DESCRIPTION OF THE TASK: Retype each line below precisely and omit all images.

DATA BELOW:
------------------------------------------------

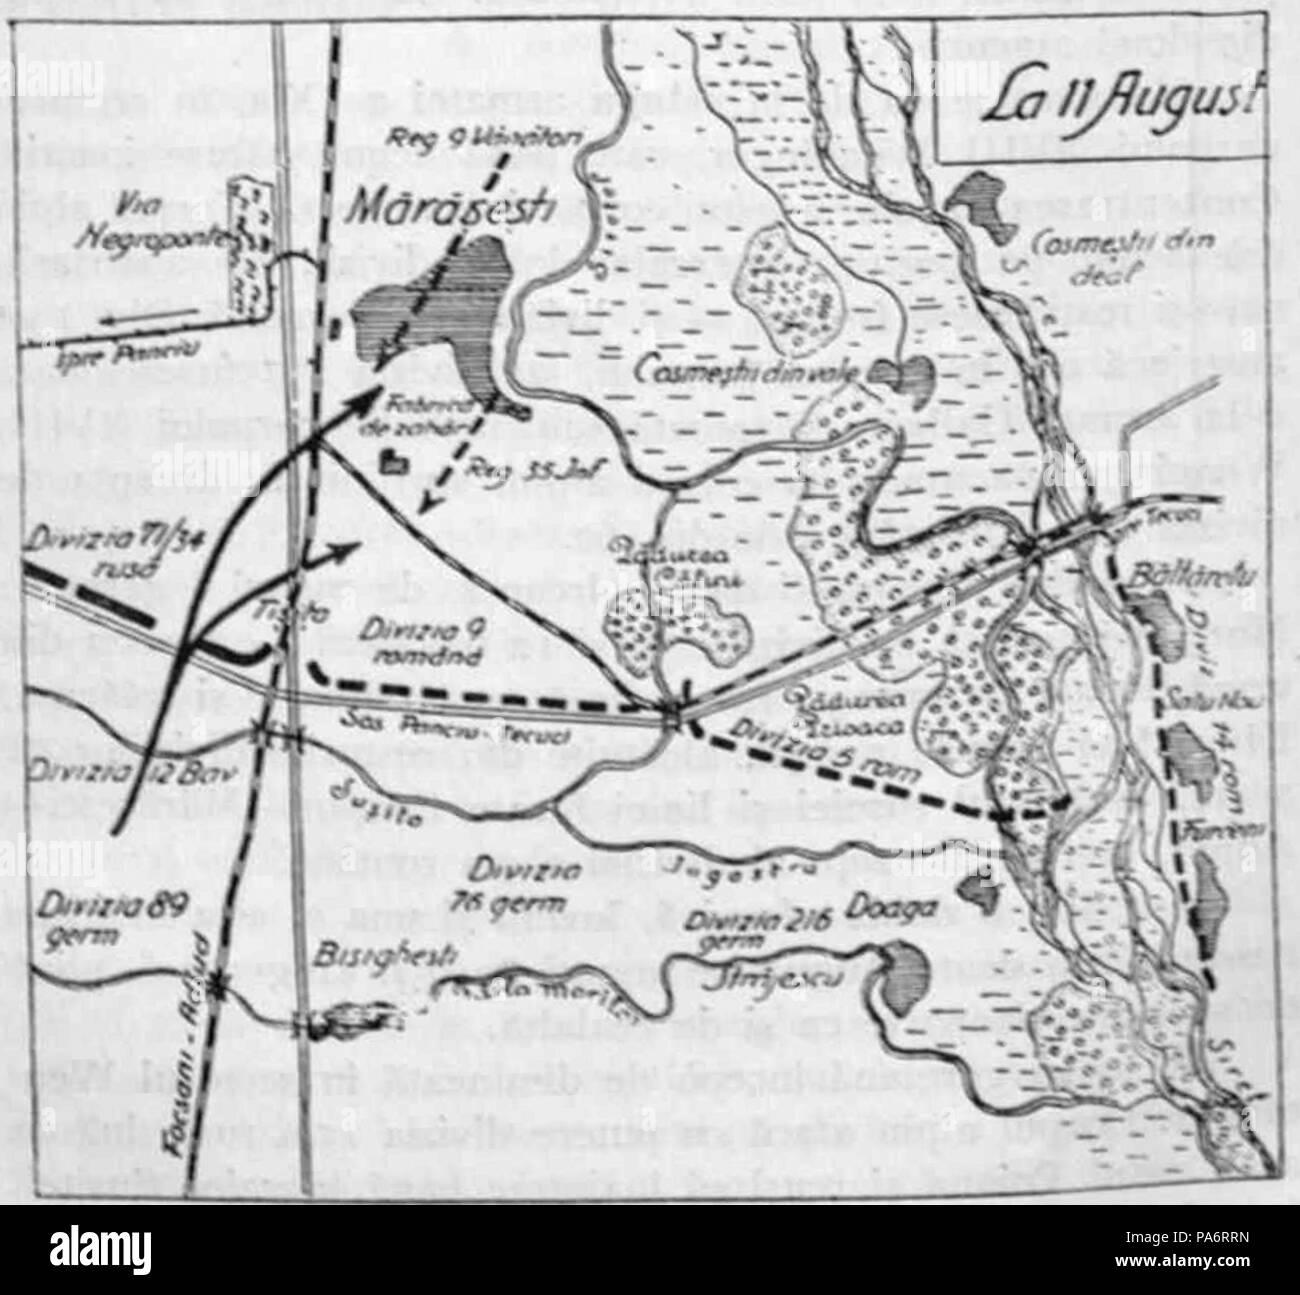 5 1929 Harta Bat De La Marasesti 11 Aug 1917 Kiritescu Ii 532
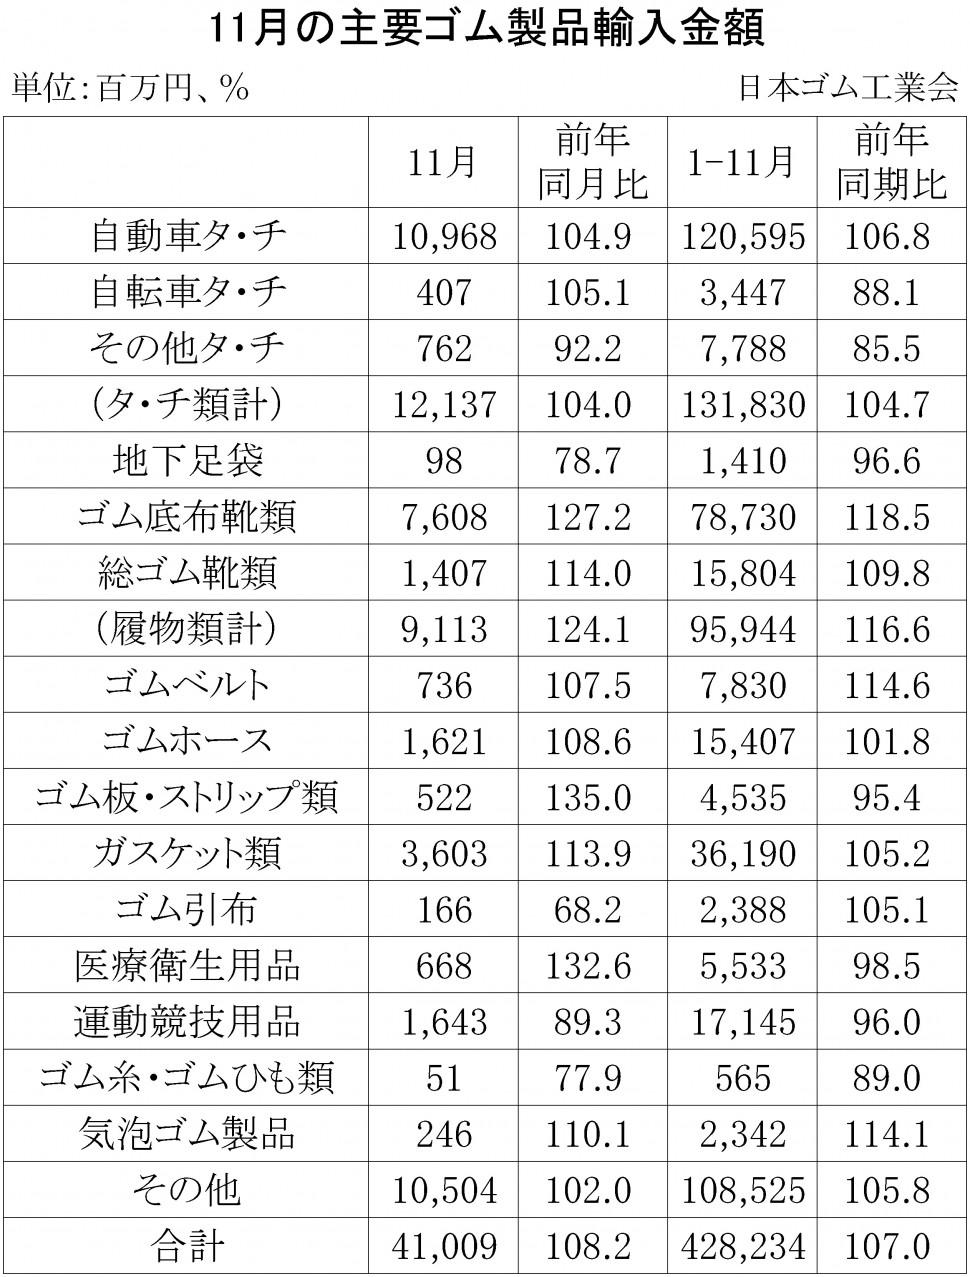 (年間使用)17-11月別-ゴム製品輸入
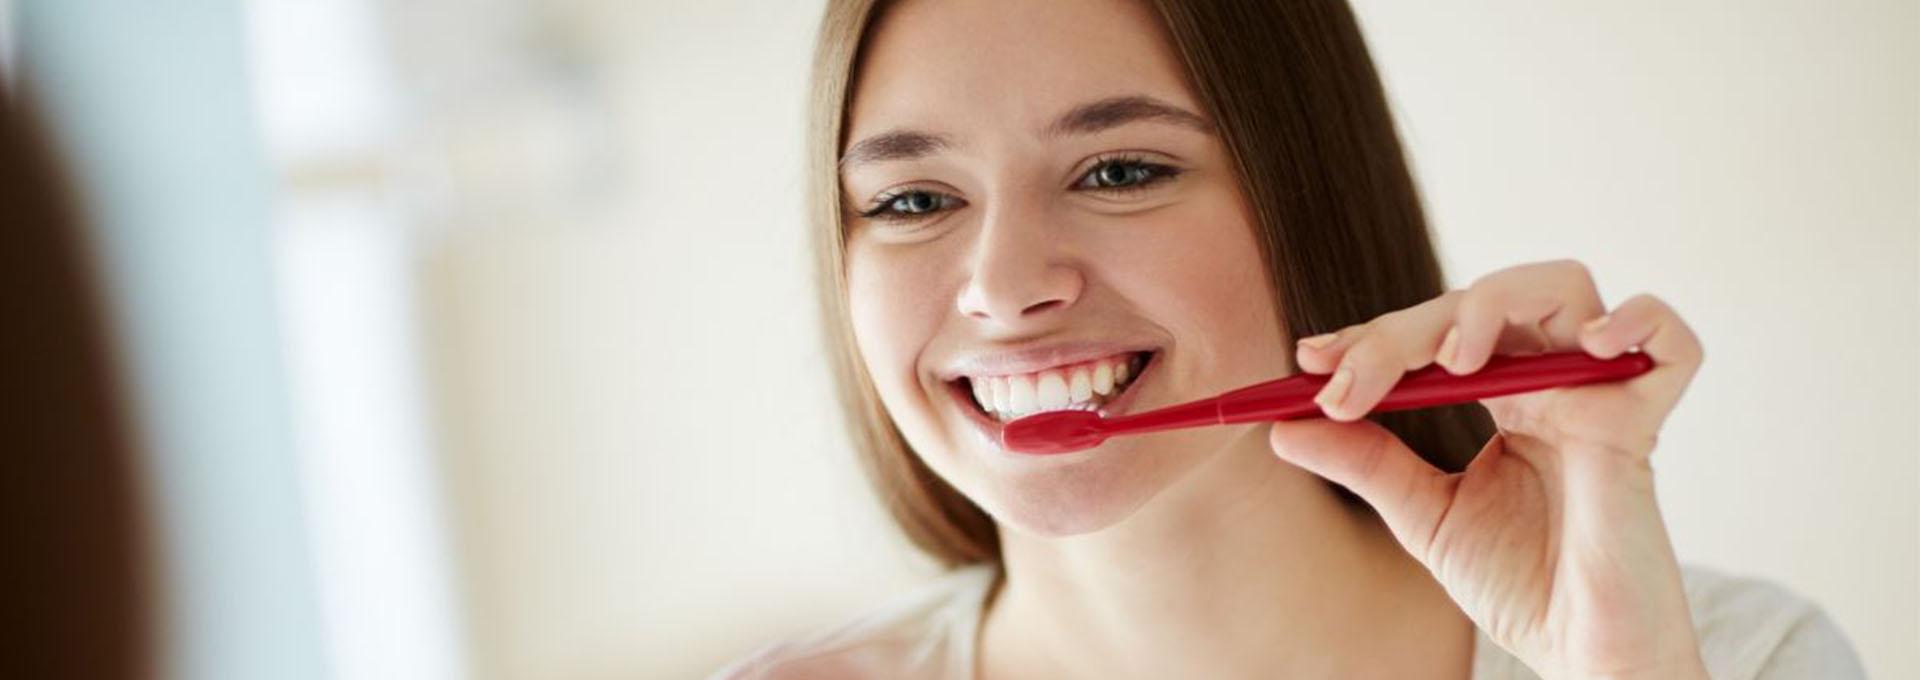 Виниры на зубы в гомеле цена отзывы
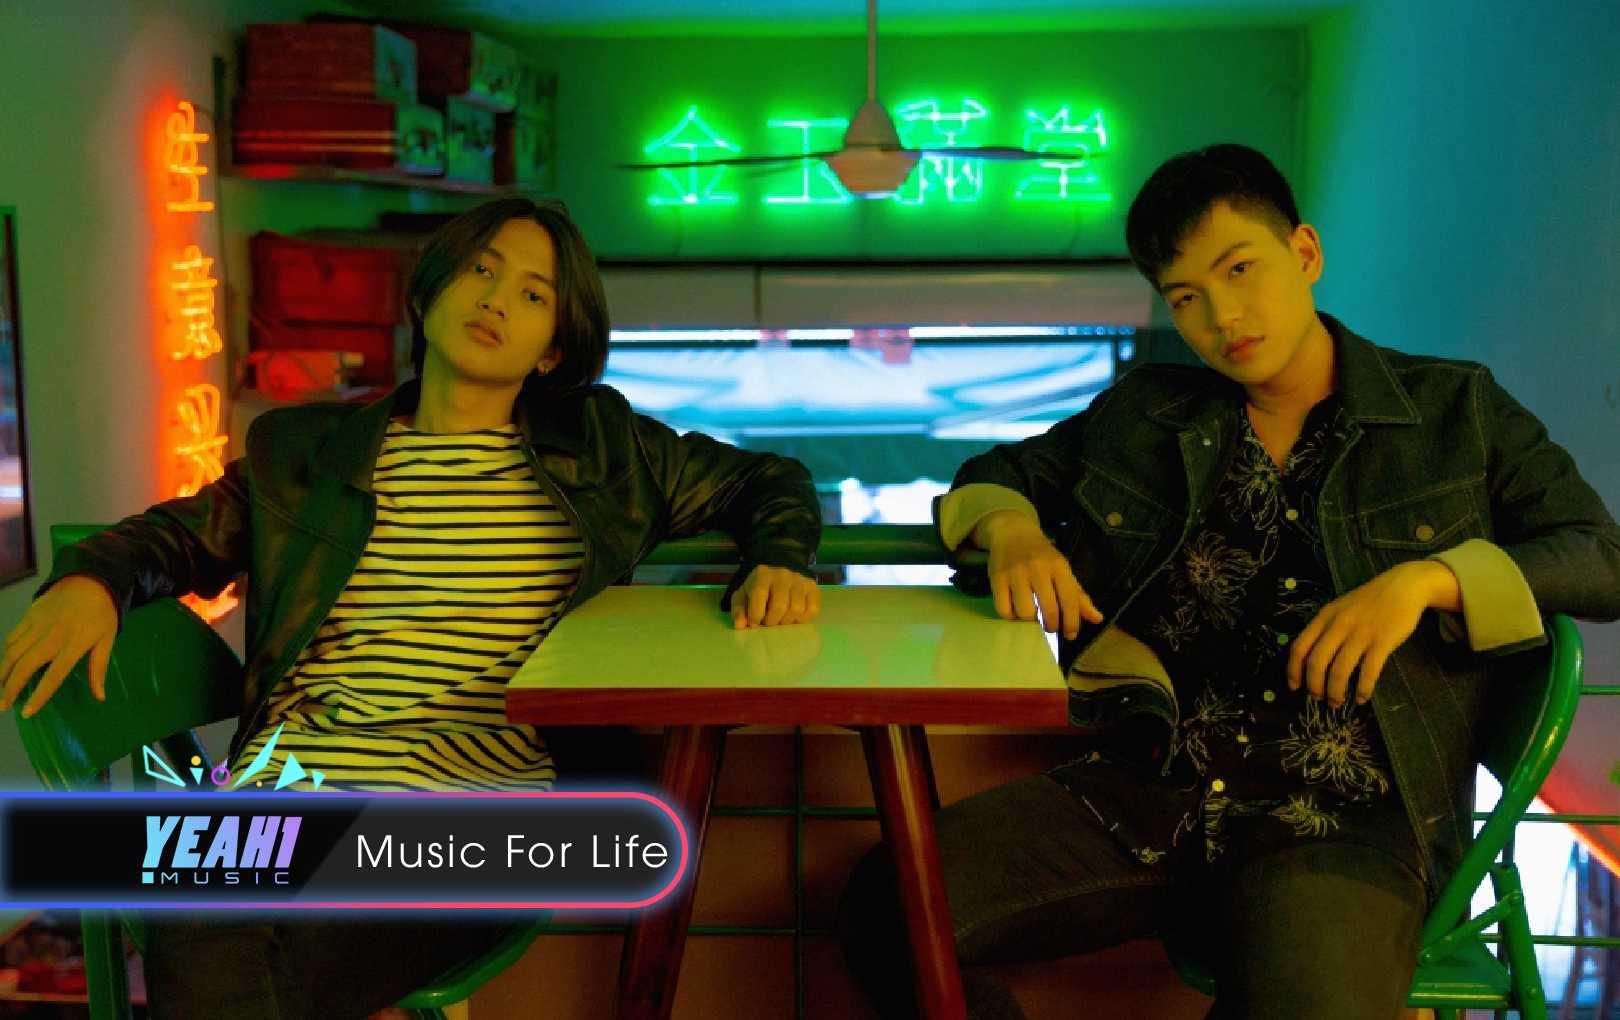 HongKong1 chính thức cán mốc 1 triệu lượt xem trên YouTube sau 1 ngày ra mắt

------------------------------------------------

ANSWER BOX:
 5 1929 Harta Bat De La Marasesti 11 Aug 1917 Kiritescu Ii 532
 (年間使用)17-11月別-ゴム製品輸入
 Виниры на зубы в гомеле цена отзывы
 HongKong1 chính thức cán mốc 1 triệu lượt xem trên YouTube sau 1 ngày ra mắt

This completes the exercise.